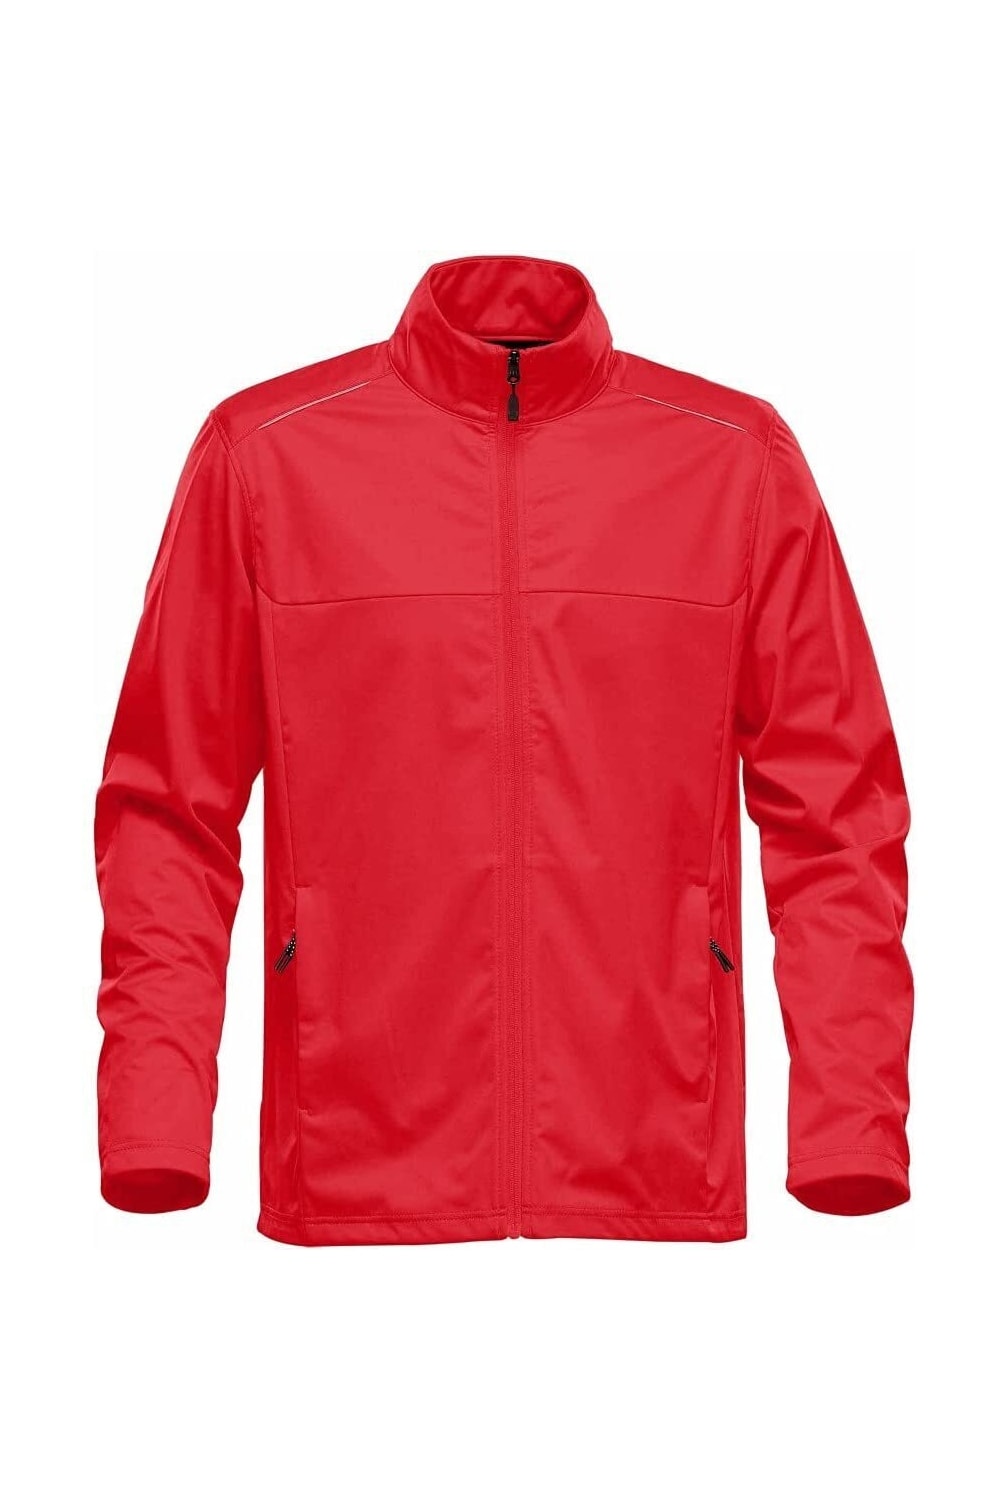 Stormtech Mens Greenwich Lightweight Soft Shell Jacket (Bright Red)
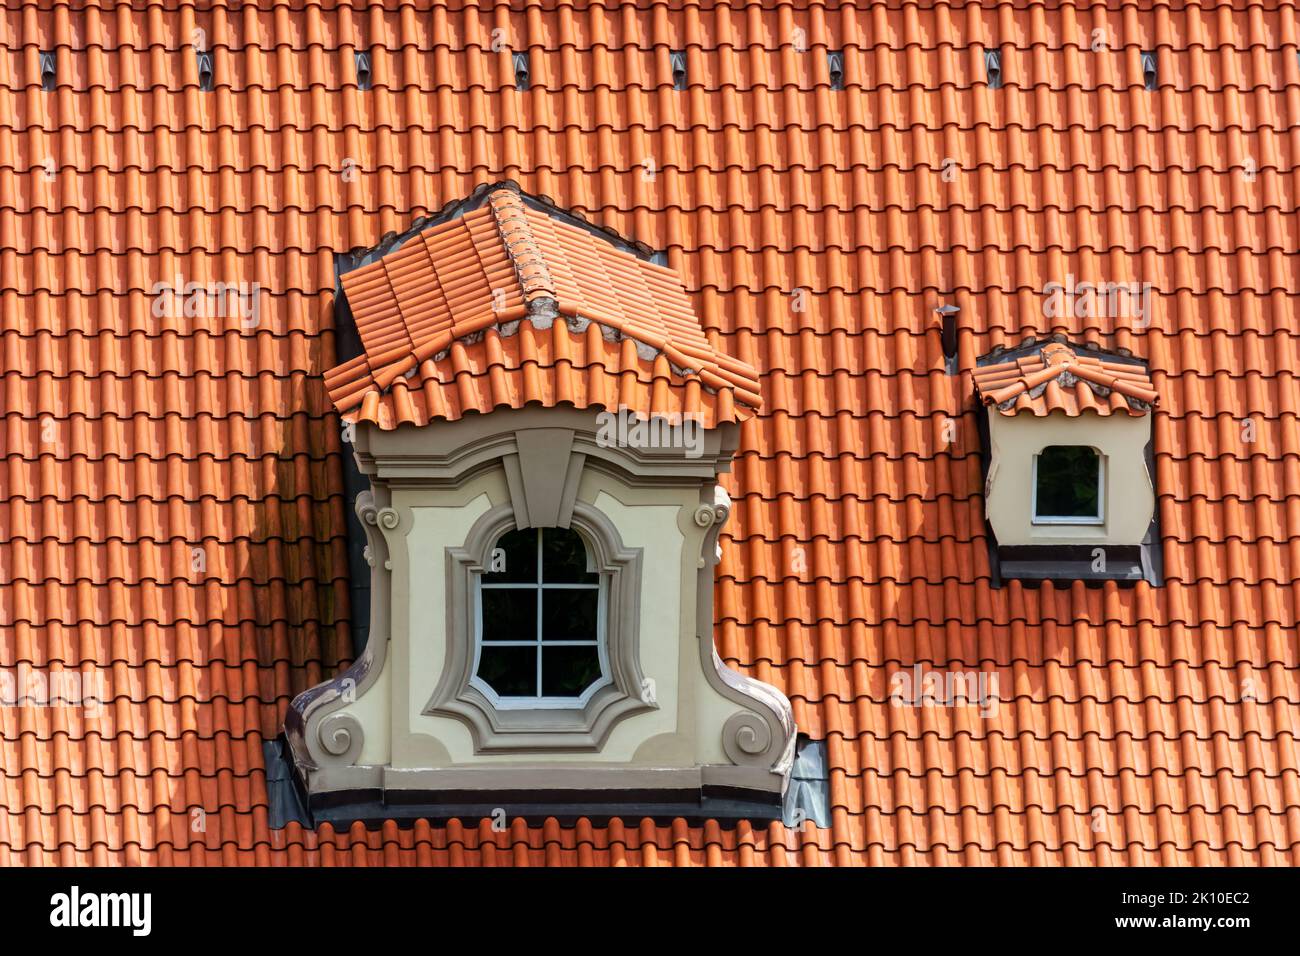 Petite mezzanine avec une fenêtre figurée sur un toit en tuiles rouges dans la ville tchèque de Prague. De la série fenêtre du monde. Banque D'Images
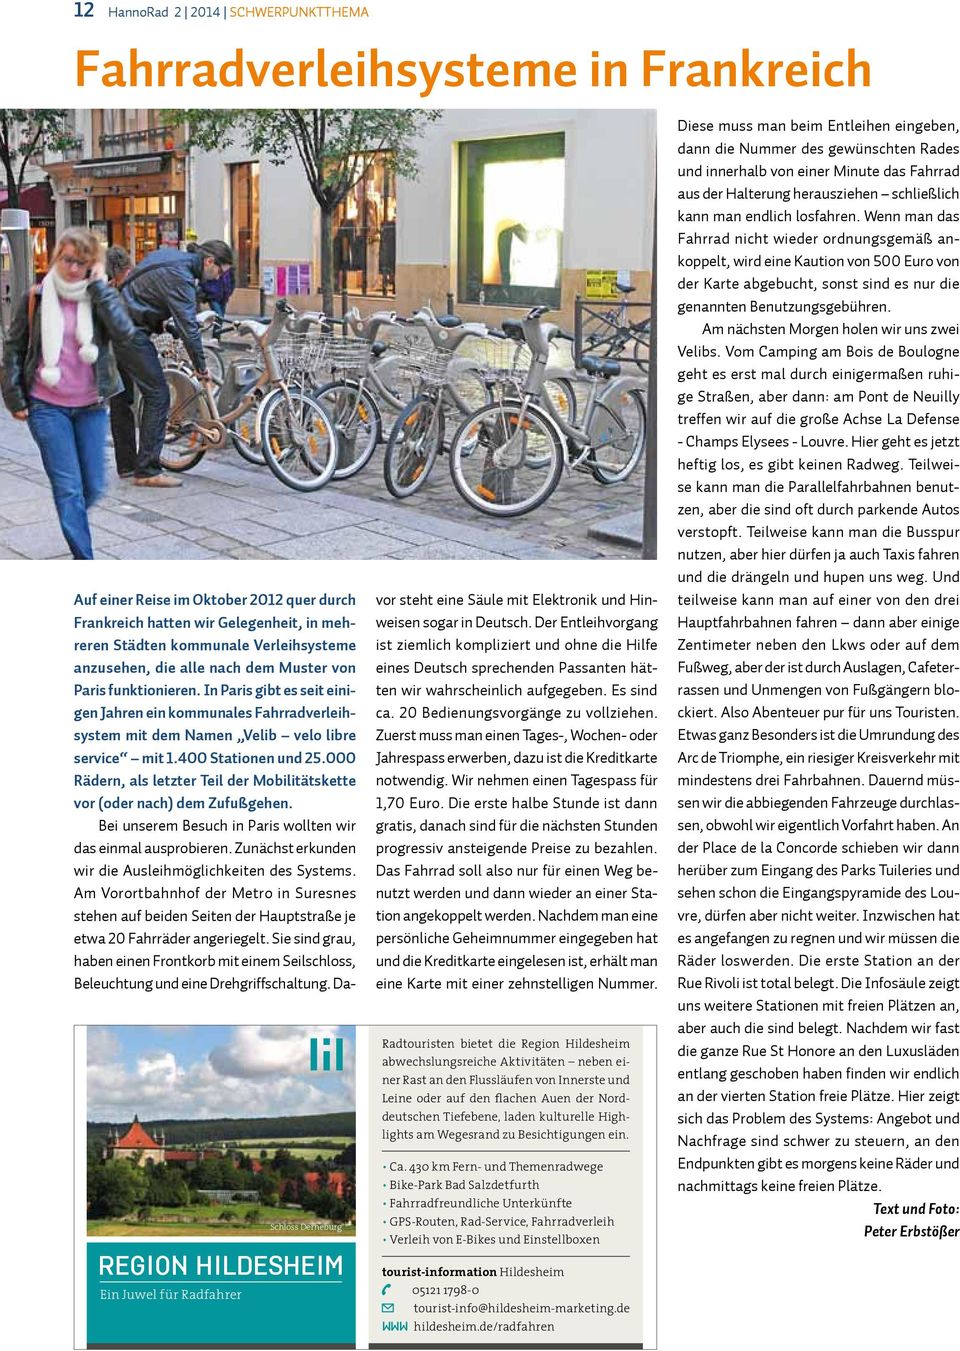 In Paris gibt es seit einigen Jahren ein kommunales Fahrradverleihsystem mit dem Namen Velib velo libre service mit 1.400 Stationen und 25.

·····

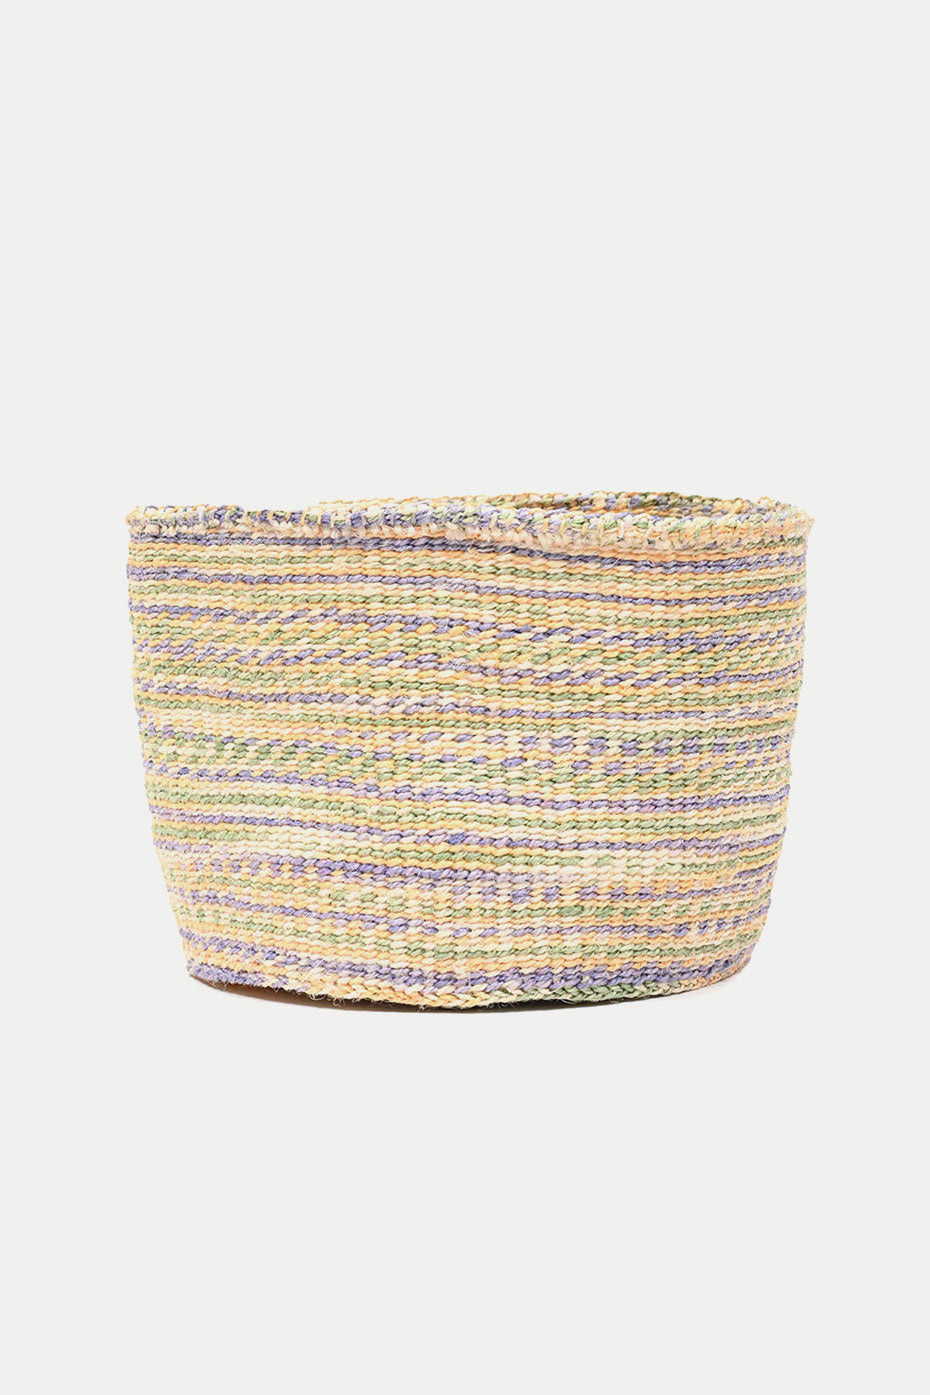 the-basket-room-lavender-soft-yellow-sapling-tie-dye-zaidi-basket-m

·····

» ACTIVITY
Using the entries above, repeat exactly the lines from the one with "Stormtech Mens Greenwich" to the one with "In Paris gibt", both included, and leave the pictures behind.

» ANSWER SPACE
 Stormtech Mens Greenwich Lightweight Soft Shell Jacket (Bright Red)
 Petite mezzanine avec une fenêtre figurée sur un toit en tuiles rouges dans la ville tchèque de Prague. De la série fenêtre du monde. Banque D'Images
 In Paris gibt es seit einigen Jahren ein kommunales Fahrradverleihsystem mit dem Namen Velib velo libre service mit 1.400 Stationen und 25.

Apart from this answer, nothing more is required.